Instructions for the task> Transcribe all of the data verbatim, please, and leave out its pictures.

Data block>
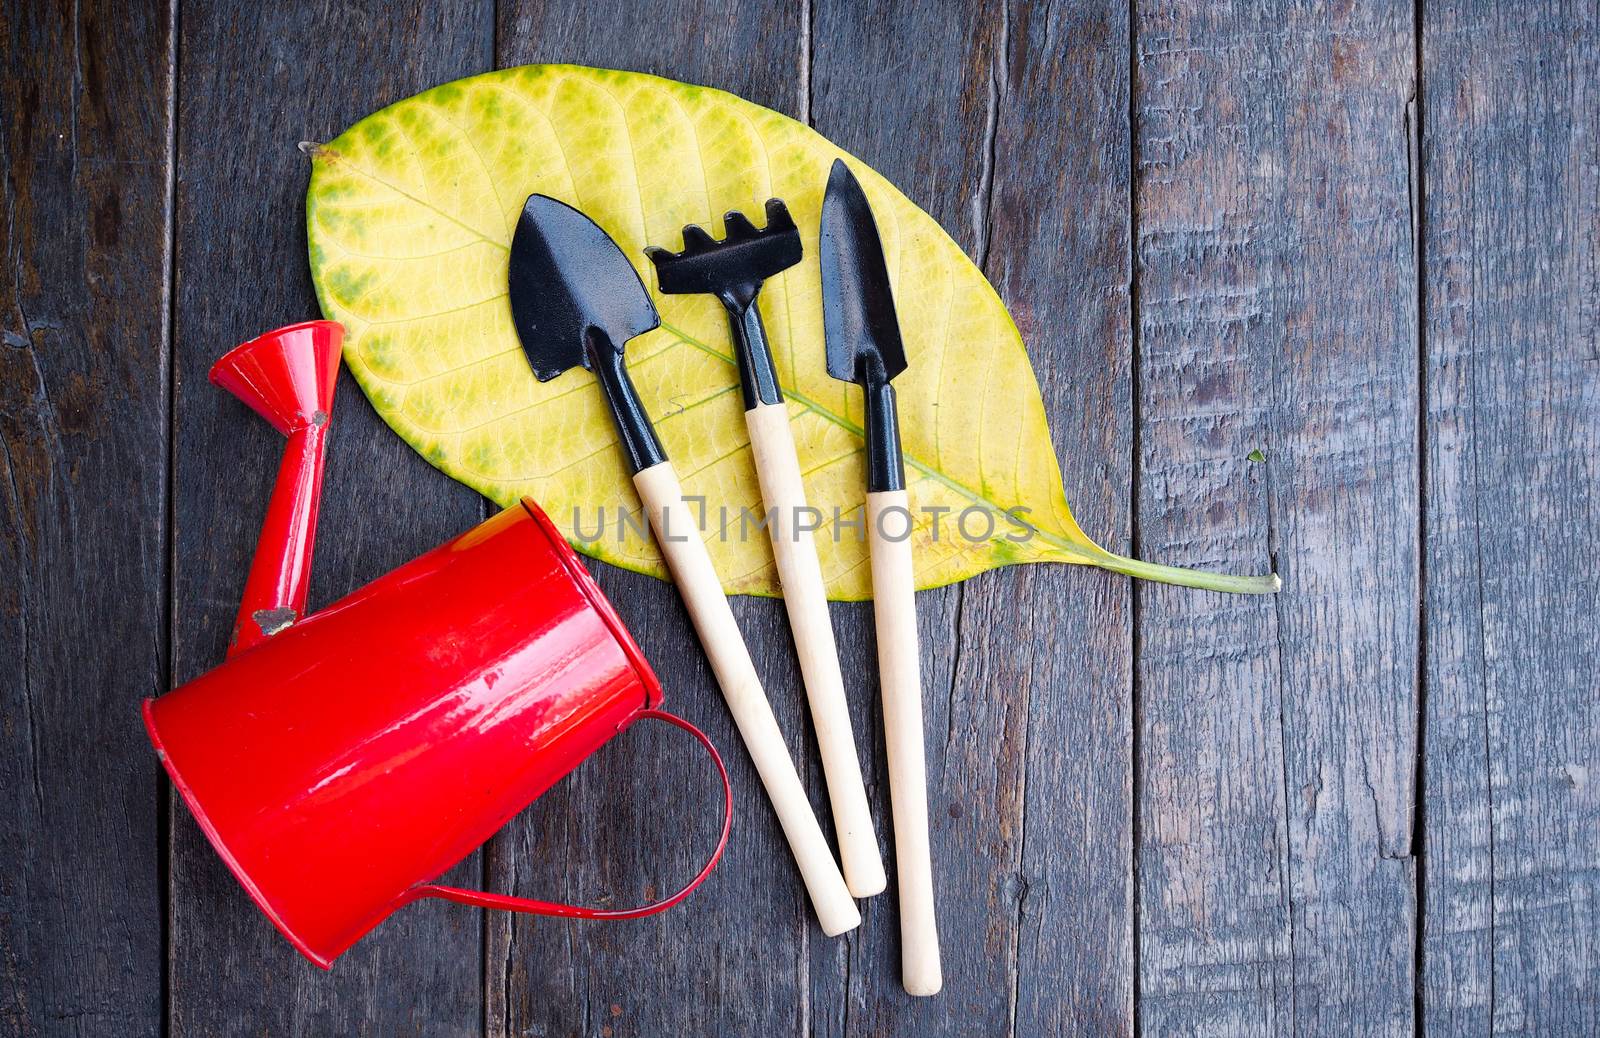 Red watering can And gardening equipment tool for planting trees put on yellow leaf on dark brown wood table.
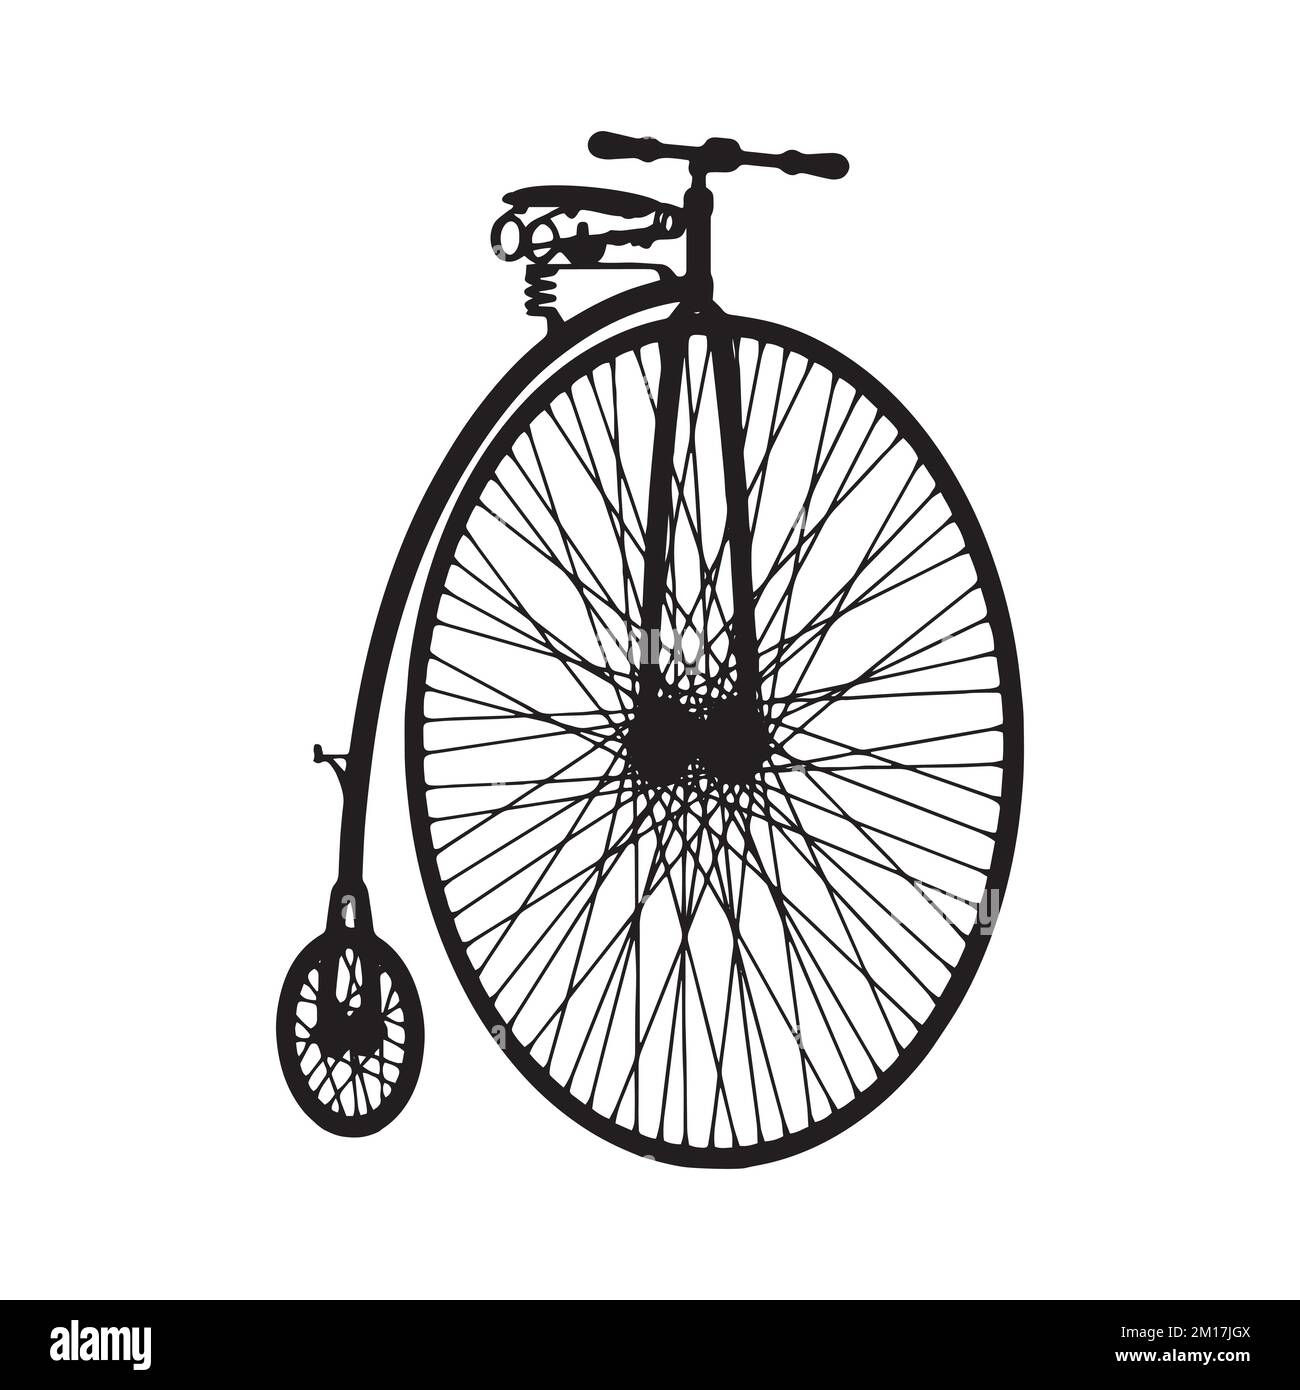 Vector Illustration of Penny Farthing Bicycle Silhouette Stock Vector
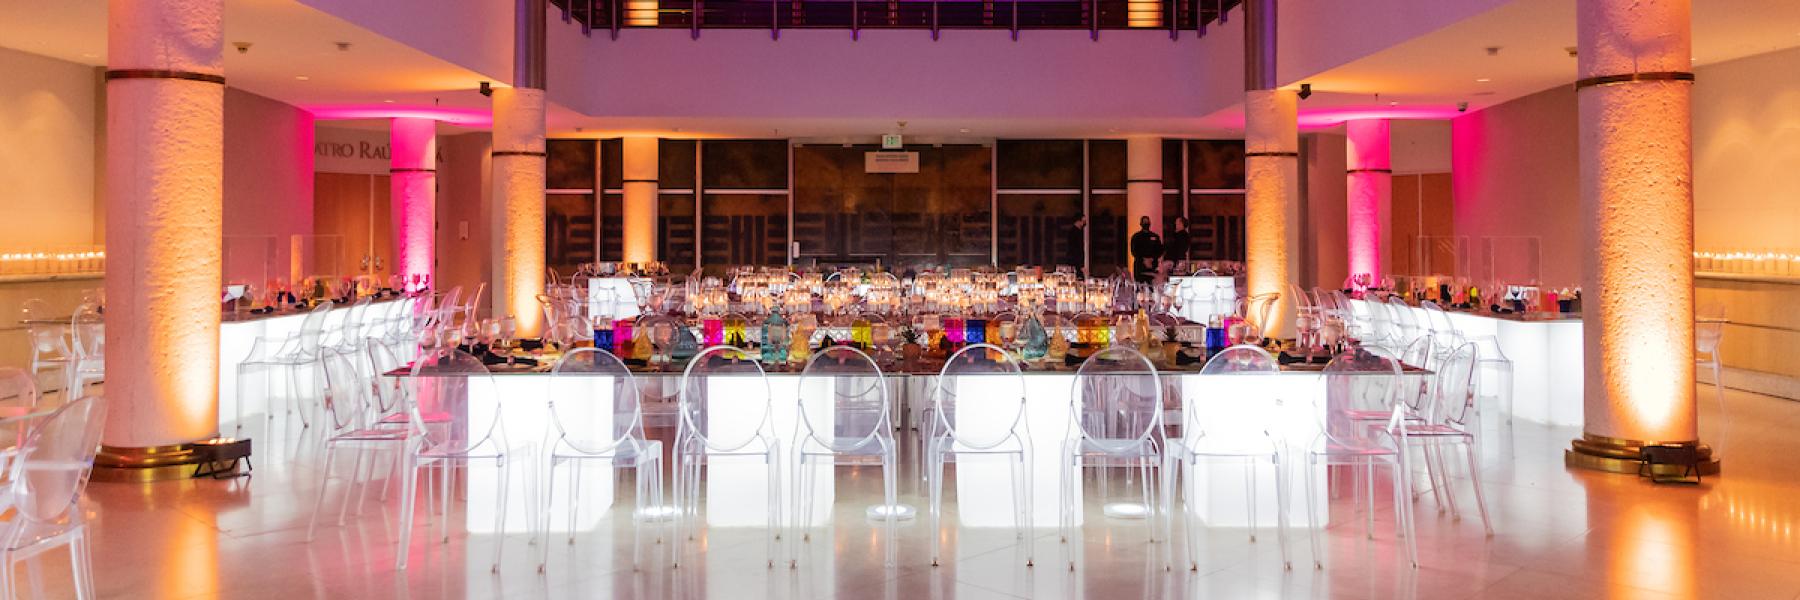 View of a table set up for a corporate event at the Museo de Arte de Puerto Rico in San Juan.

Result of this task>
 Red watering can And gardening equipment tool for planting trees put on yellow leaf on dark brown wood table.
 Vector Illustration of Penny Farthing Bicycle Silhouette Stock Vector
 View of a table set up for a corporate event at the Museo de Arte de Puerto Rico in San Juan.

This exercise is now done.